This is very sad news. Harold Gould was one of those "Hey, it's that guy!" character actors who could always be counted on to provide an entertaining performance.
Twice, he was cast as the dad in pilots for successful, long-running series, but was replaced when the shows went to air: That Girl and Happy Days. I don't know why he wasn't chosen for Happy Days the series, but I recall a documentary about television several years ago about Jewish actors that specifically stated Gould wasn't chosen for That Girl the series because he was perceived as being too ethnic for Middle America. That makes no sense to me, but there it was.
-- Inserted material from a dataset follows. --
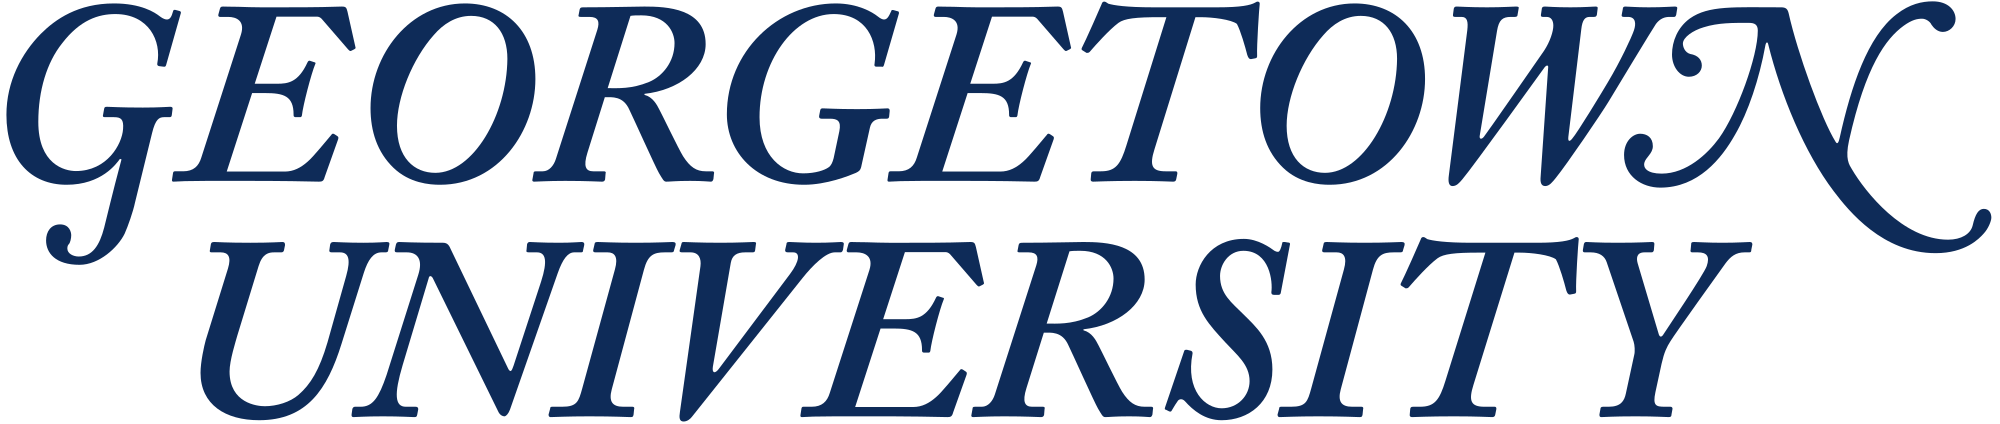 Georgetown_University_Logotype.svg

Some actors can play only certain types effectively. For example, long-time familiar television faces like Lloyd Bochner, Fritz Weaver, Alfred Ryder, Albert Paulsen, and Dan Duryea were always the "secret villain"---if a plot called for a spy, traitor, or sell-out, and one of those actors was in the episode, then he was it. Meanwhile, guys like Clint Walker, Steve Holland, and Doug McClure were doomed to be good guys.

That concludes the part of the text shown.